Зачем?

Из букв можно составить имя Иисуса Христа, значит, эти буквы нельзя бросать в беспорядке, без всякого смысла в виде бытовых каракуль, как нельзя крошить хлеб на землю, ибо хлеб – тело Христово. А сейчас – посмотри вокруг. Реклама и есть те разбросанные в беспорядке записочки, которые так и не успел подобрать в своей школе Фома Аквинат.

Хорошо говоришь, Арсений. Заслушаться можно.

Смеешься, да?

Ни в коем случае. А куда мы, собственно говоря, идем? Какой дом?
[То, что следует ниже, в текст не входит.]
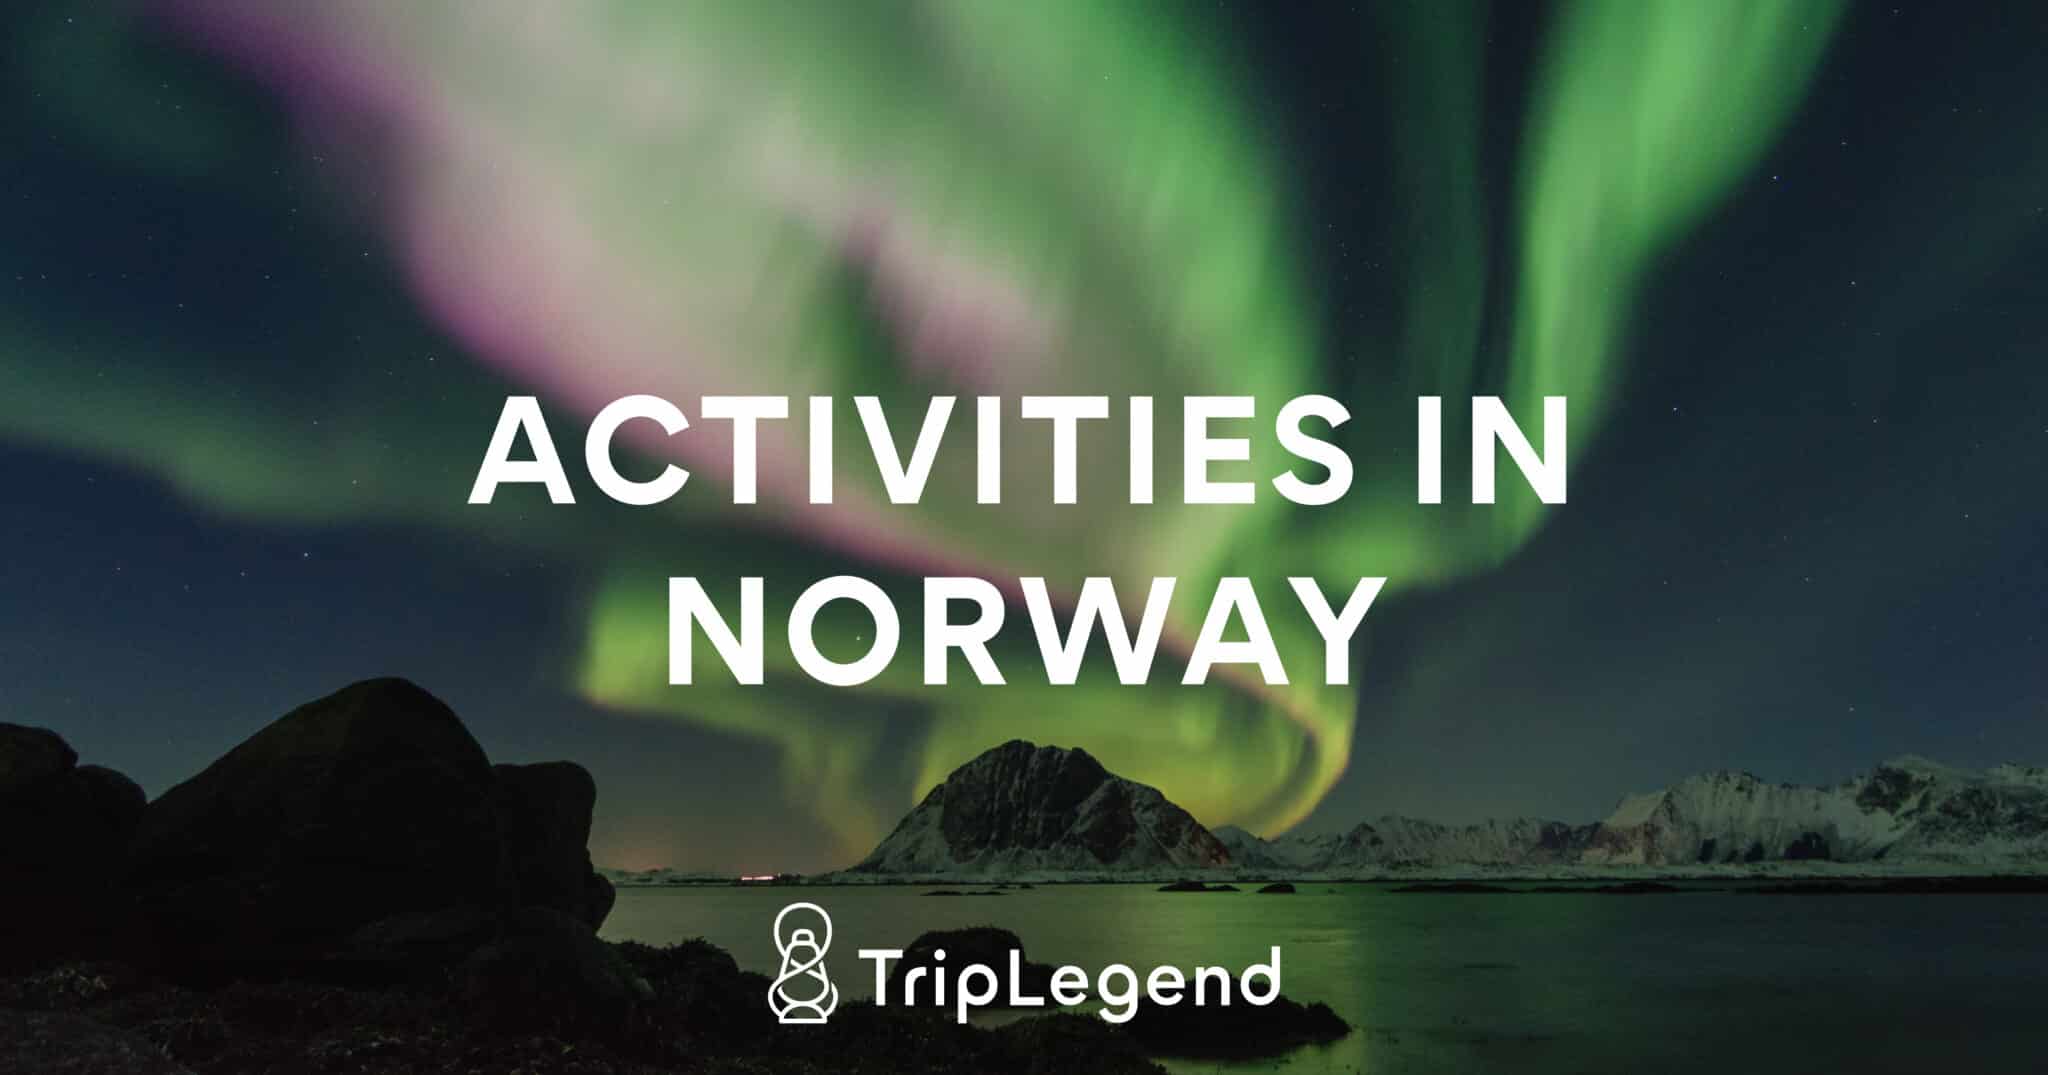 Activities in Norway - Featured image

Считай, что пришли. Вон он, наш дом. Видишь?

И Сторожев махнул рукой куда-то вперед наподобие рассеянного Наполеона, приказывающего форсировать Неман где угодно, невзирая на течение. Людской поток действительно напоминал быструю, буйную реку, движущуюся навстречу приятелям по руслу Старого Арбата.

Воронов так и не успел разглядеть, о каком доме шла речь, и покорно побрел дальше, продираясь сквозь людскую толпу вслед за Сторожевым.
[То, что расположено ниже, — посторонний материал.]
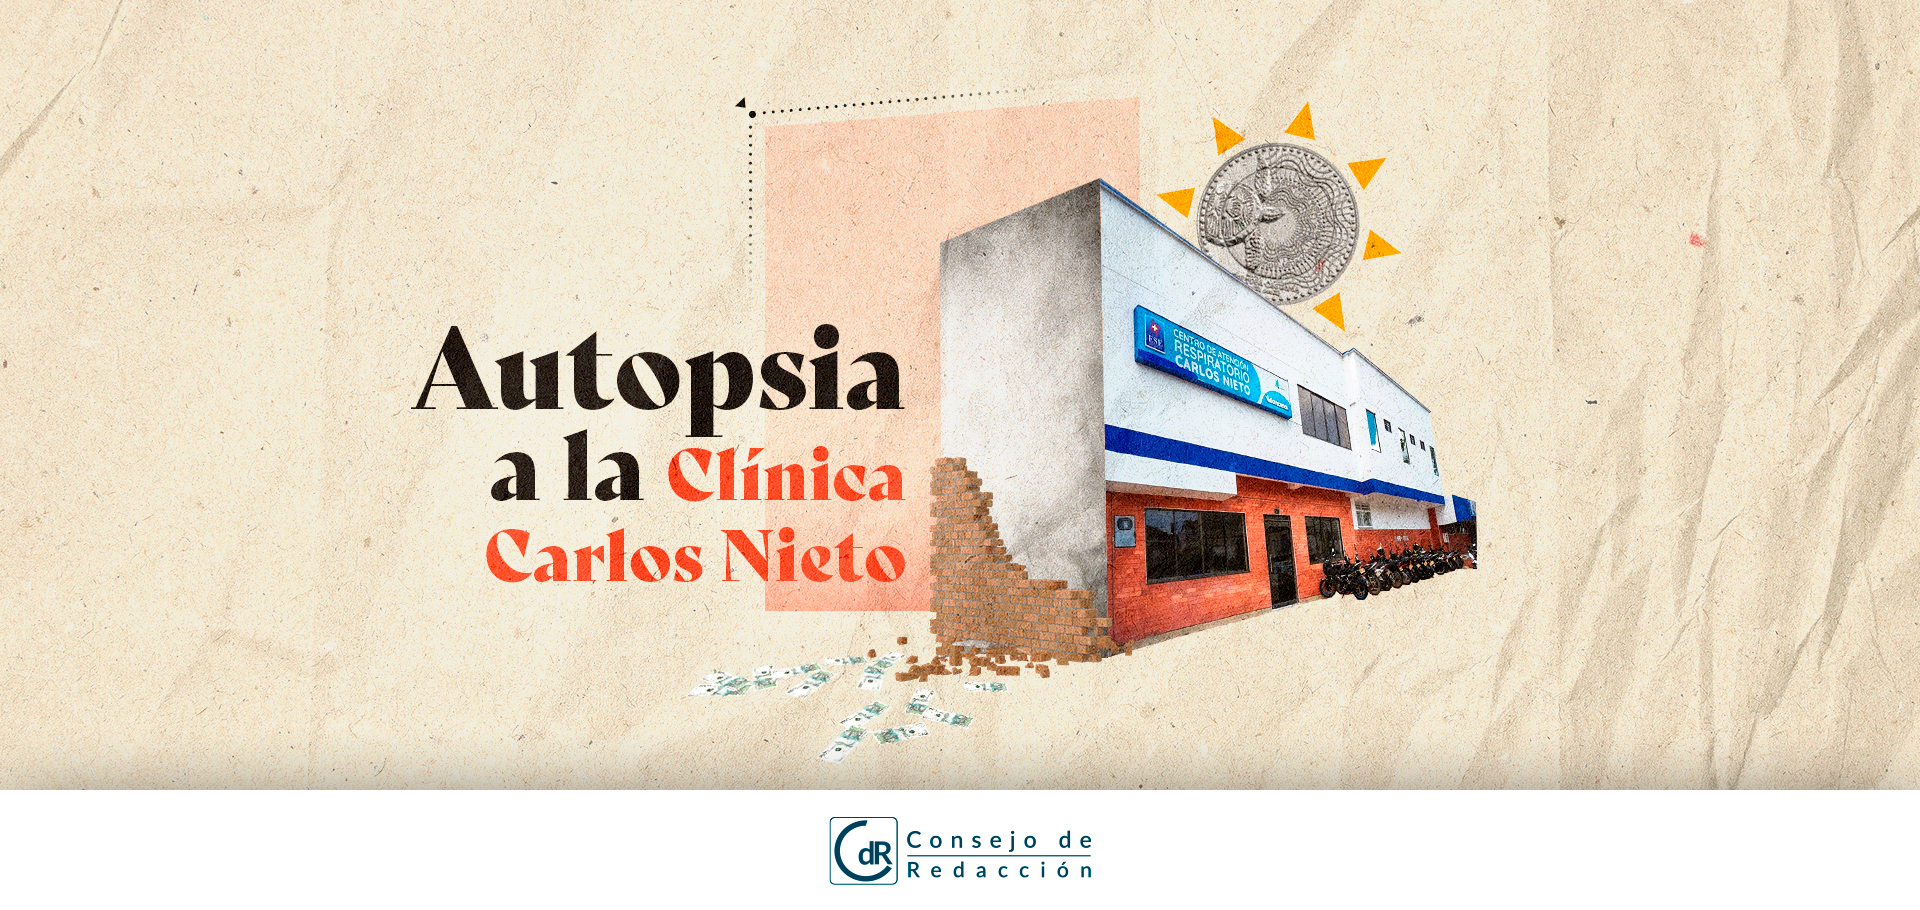 Autopsia a la clínica Carlos Nieto

Впрочем, – продолжил неутомимый доцент, – подобный социальный феномен непрерывного чтения в истории уже существовал.

Что ты имеешь в виду?

Я имею в виду Древний Египет и Книгу мертвых. Ну посуди сам. Египетская цивилизация – это цивилизация смерти, вернее, культа мертвых, ведь так?

Согласен.

В этой цивилизации правила загробной жизни, как напоминание, как инструкция, что ли, были вывешены повсюду. Их статуи и не статуи в обычном смысле, а объемные рекламные щиты, зазывающие в потусторонний мир и поражающие любого своим гигантизмом. Вон – видишь ту фанерную кружку nescafe? Где, в каком мире можно пригубить кофе из такой посудины, а? Создатели реклам нас все время зовут куда-то. Ты не замечал этого, Женька?

Пожалуй, ты прав. Зовут, и причем настойчиво. Зазывают, я бы сказал.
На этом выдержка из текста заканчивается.